▶ **DATA FOR THIS TASK**:
══════

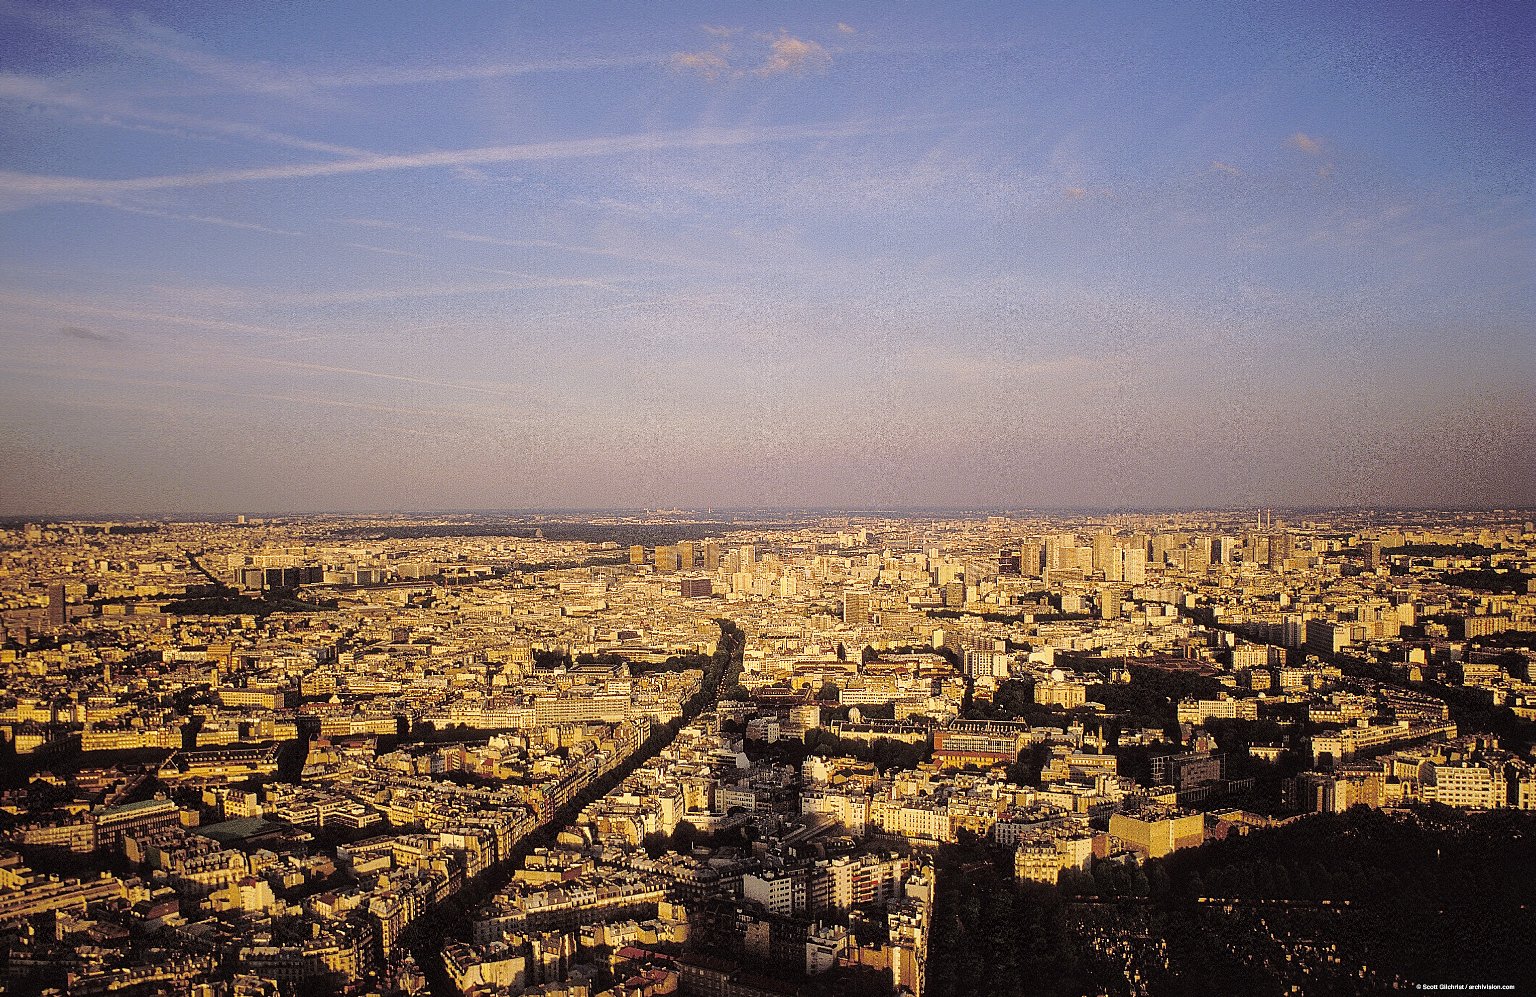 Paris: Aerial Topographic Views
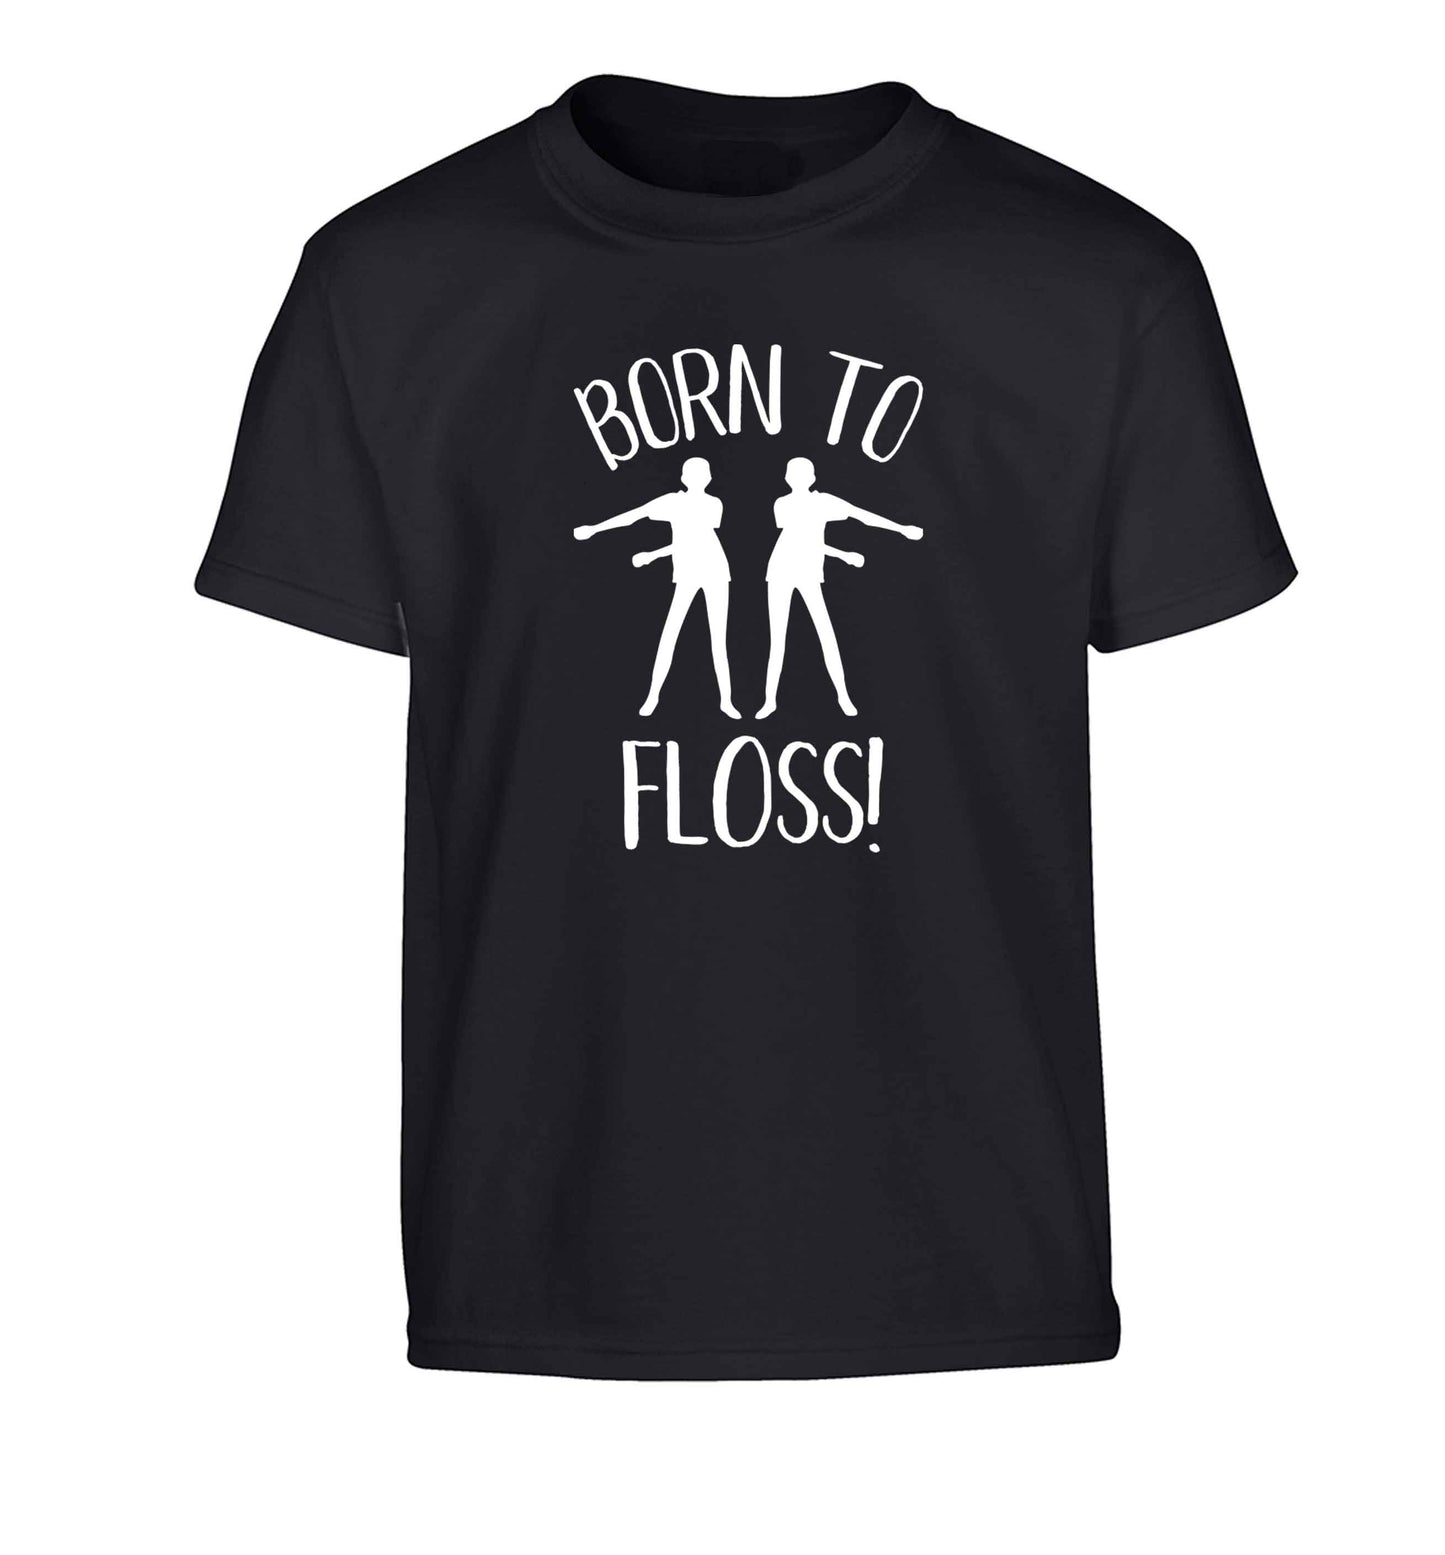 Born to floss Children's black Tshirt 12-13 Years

══════

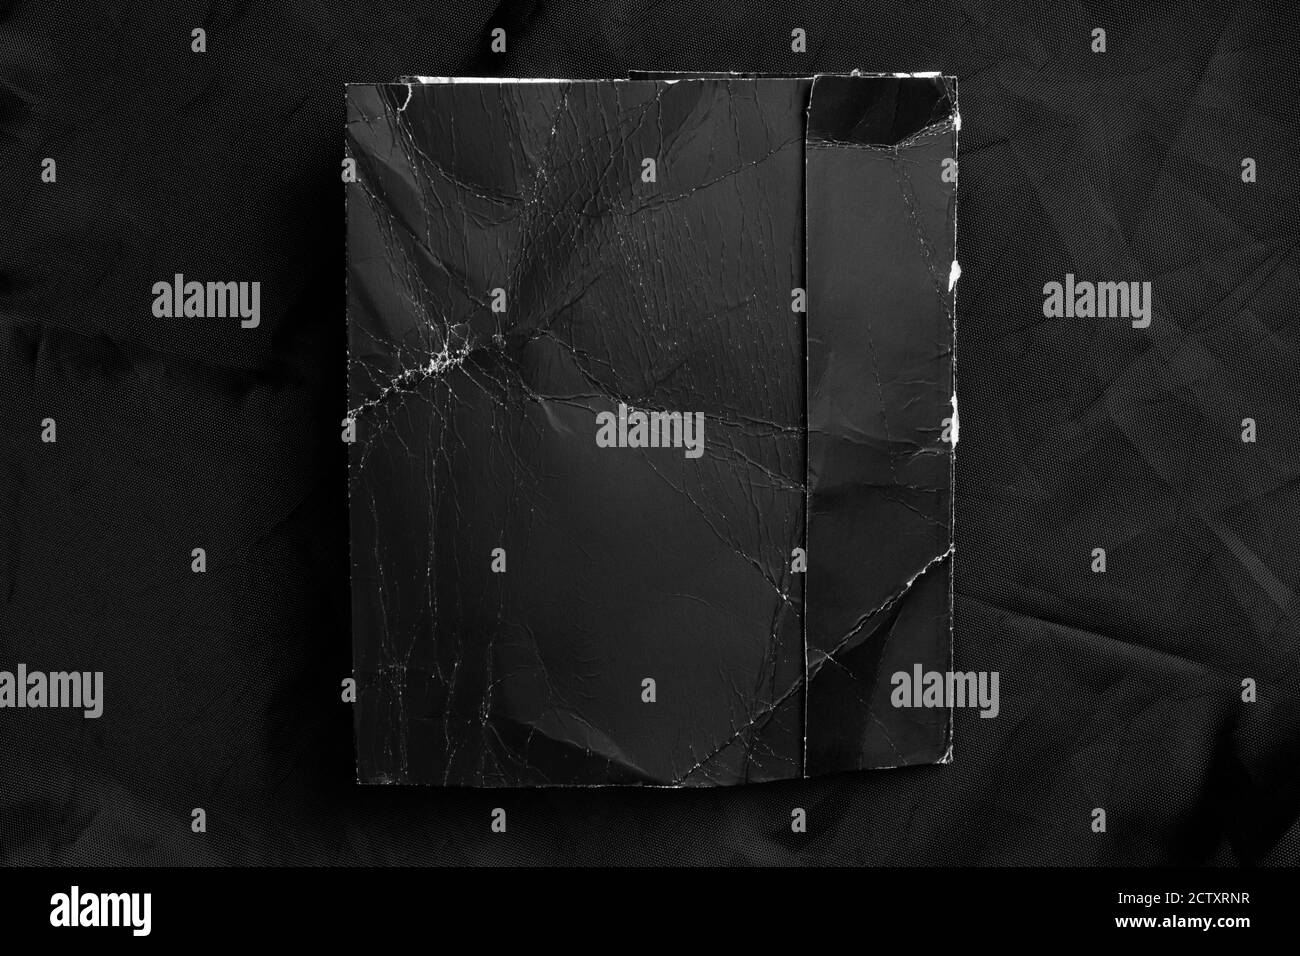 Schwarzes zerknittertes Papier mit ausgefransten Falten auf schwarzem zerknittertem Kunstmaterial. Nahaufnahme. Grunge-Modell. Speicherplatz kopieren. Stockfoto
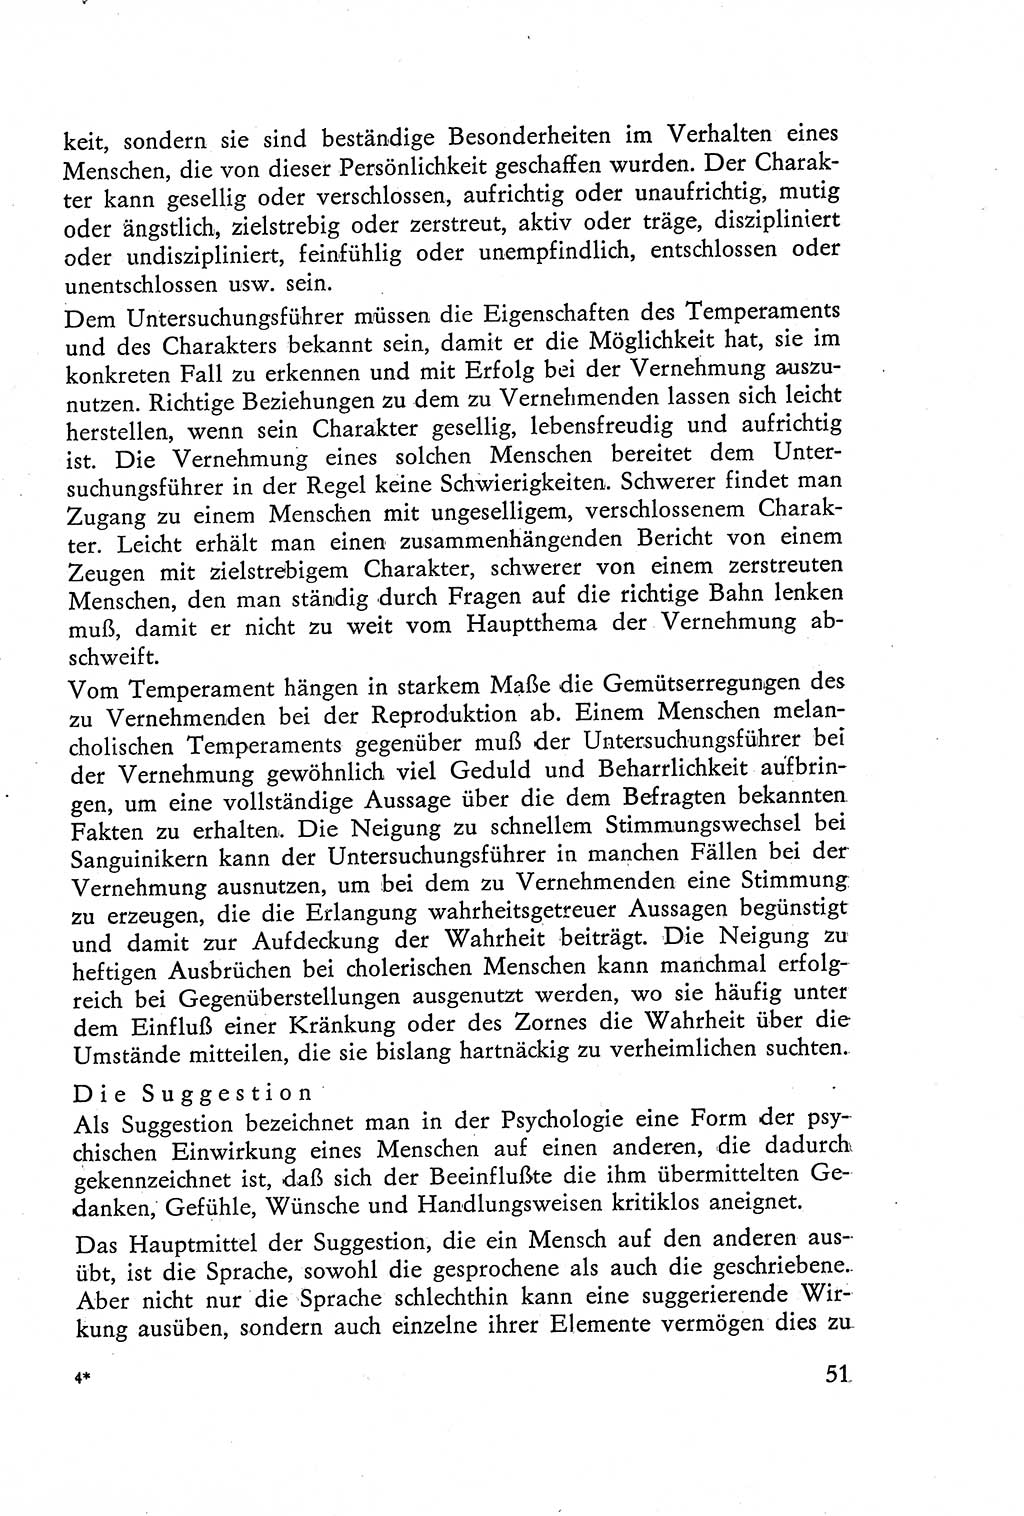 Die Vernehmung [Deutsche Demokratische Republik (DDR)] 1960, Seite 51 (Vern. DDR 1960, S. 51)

══════

▶ **PROBLEM REQUIREMENTS**:
Transcribe the listing above exactly, but only from the line with "Schwarzes zerknittertes Papier" through the line with "Die Vernehmung [Deutsche". Include both of those lines and omit the pictures.

▶ **SOLUTION**:
 Schwarzes zerknittertes Papier mit ausgefransten Falten auf schwarzem zerknittertem Kunstmaterial. Nahaufnahme. Grunge-Modell. Speicherplatz kopieren. Stockfoto
 Die Vernehmung [Deutsche Demokratische Republik (DDR)] 1960, Seite 51 (Vern. DDR 1960, S. 51)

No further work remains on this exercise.